DATA BELOW
....

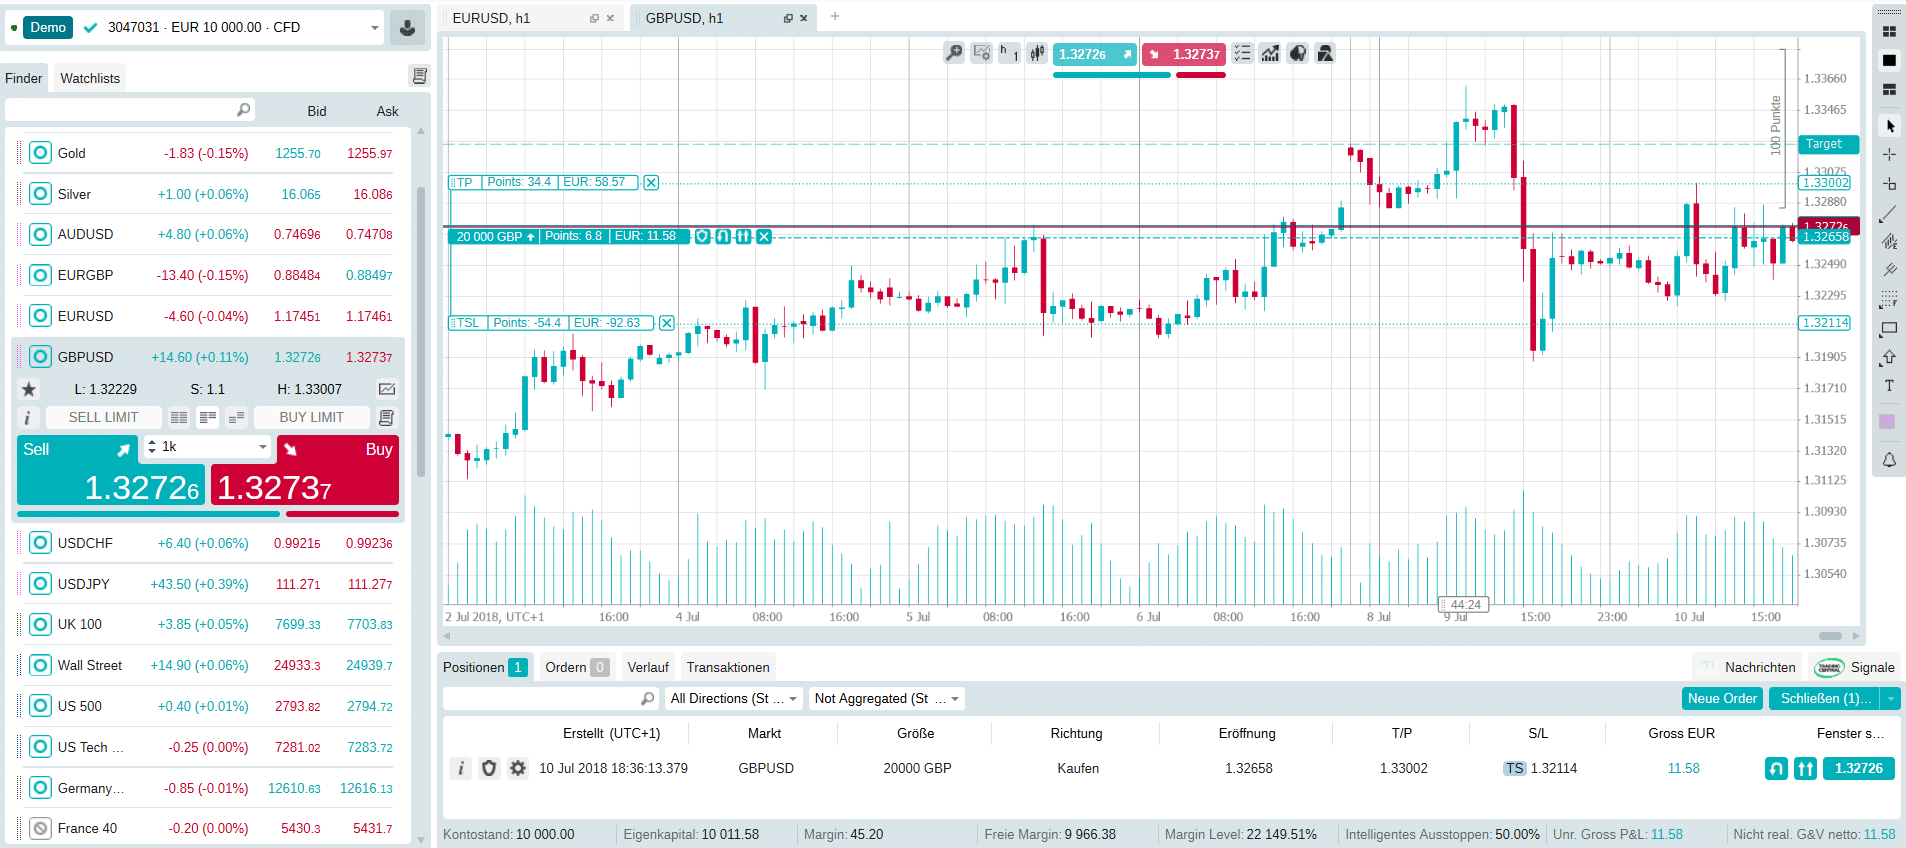 Kursverlauf des Währungspaares GBP/USD im LCG Trader
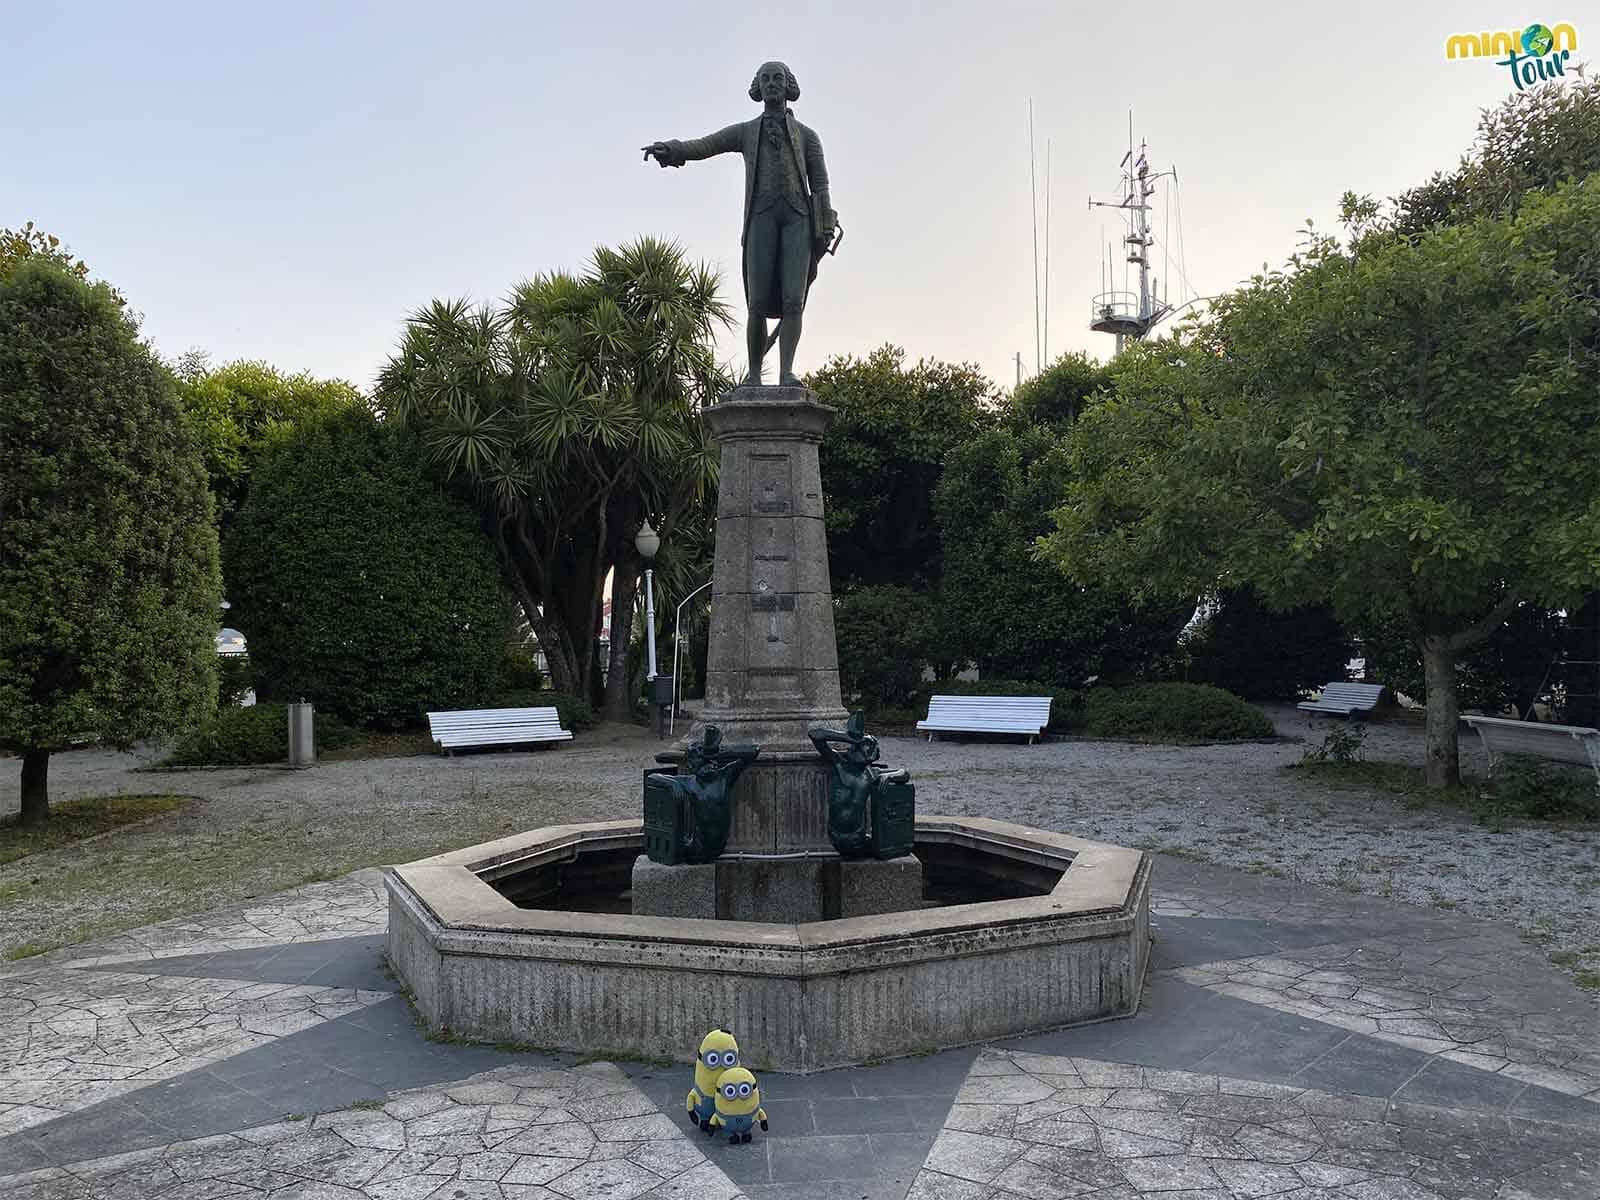 Hemos saludado a otra figura importante de la ruta por el Ferrol de la Ilustración
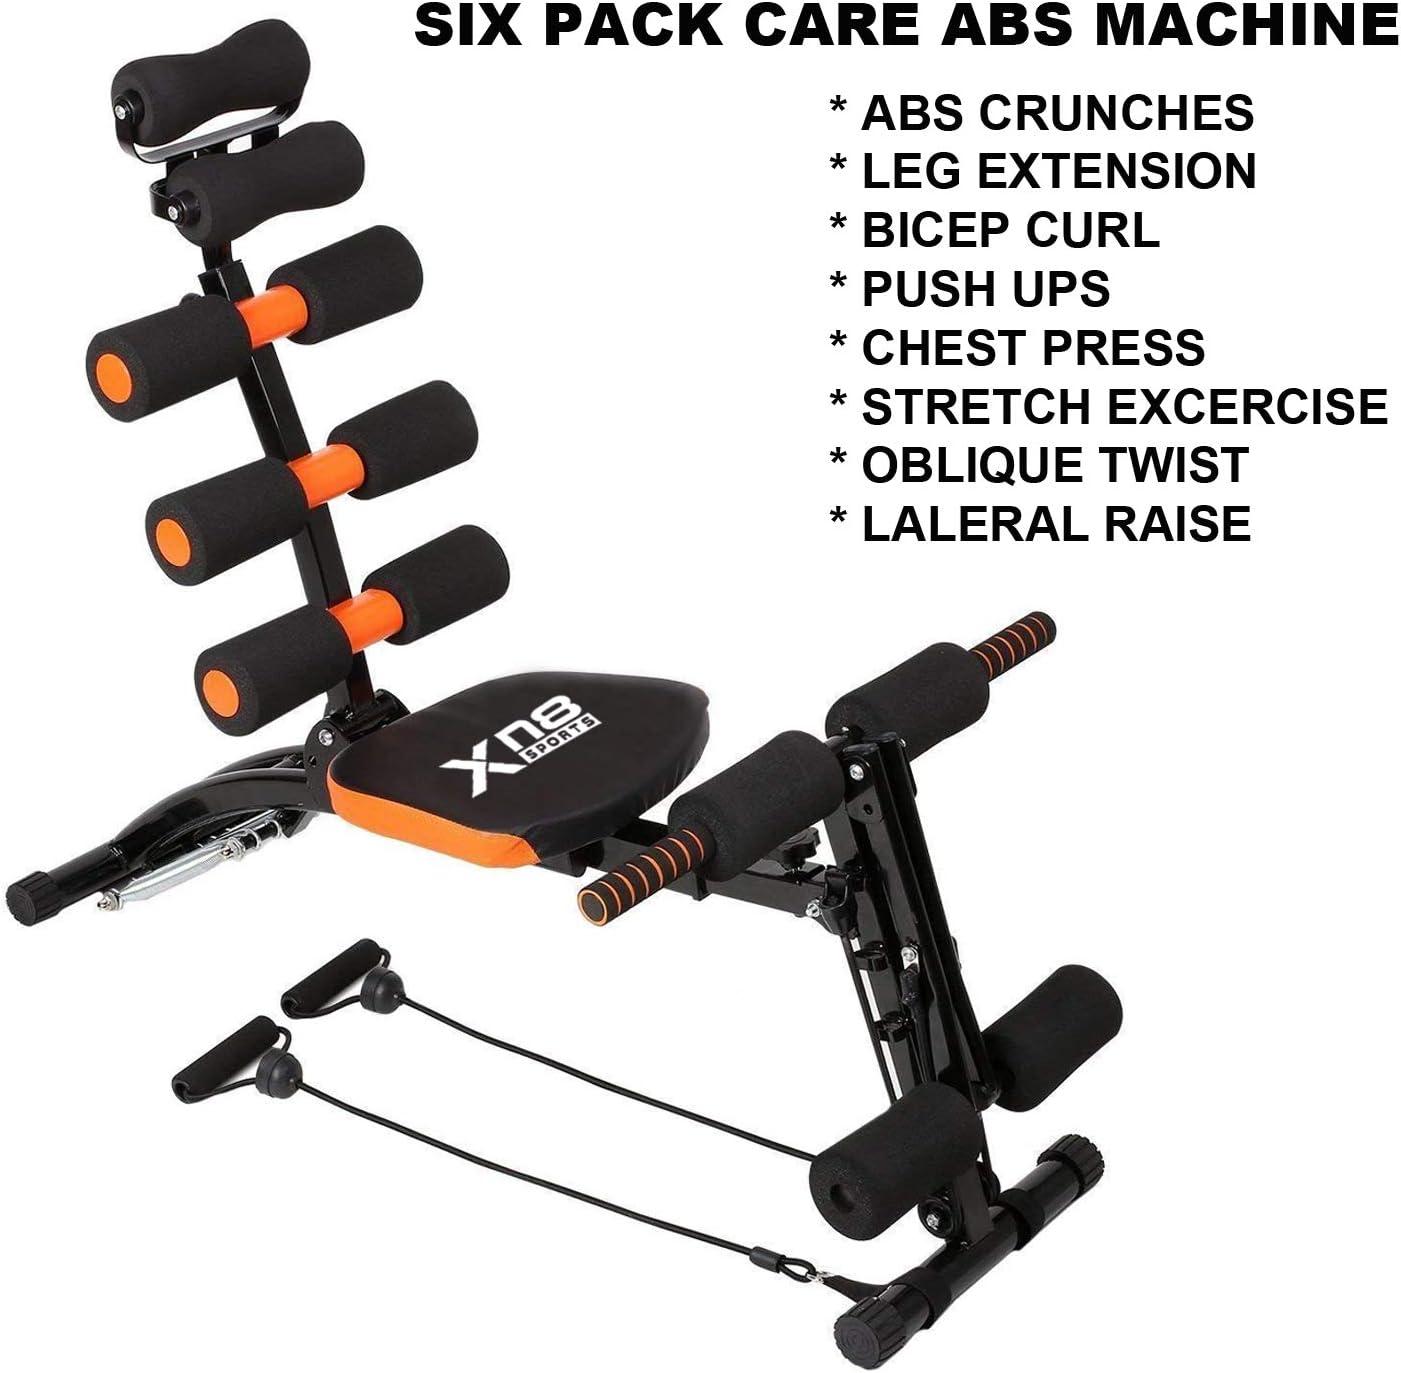 Xn8 Sports Abs Rocket Silla Multi 6 Gimnasio Entrenador ejercitador Abdominal Fitness Crunches m/áquina Entrenamiento Banco hogar Gimnasio Ejercicio

....

TASK DESCRIPTION
Omit the pictures and write out exactly the lines from the one containing "Hemos saludado a" through the last line of the material.

EXERCISE ANSWER
 Hemos saludado a otra figura importante de la ruta por el Ferrol de la Ilustración
 Xn8 Sports Abs Rocket Silla Multi 6 Gimnasio Entrenador ejercitador Abdominal Fitness Crunches m/áquina Entrenamiento Banco hogar Gimnasio Ejercicio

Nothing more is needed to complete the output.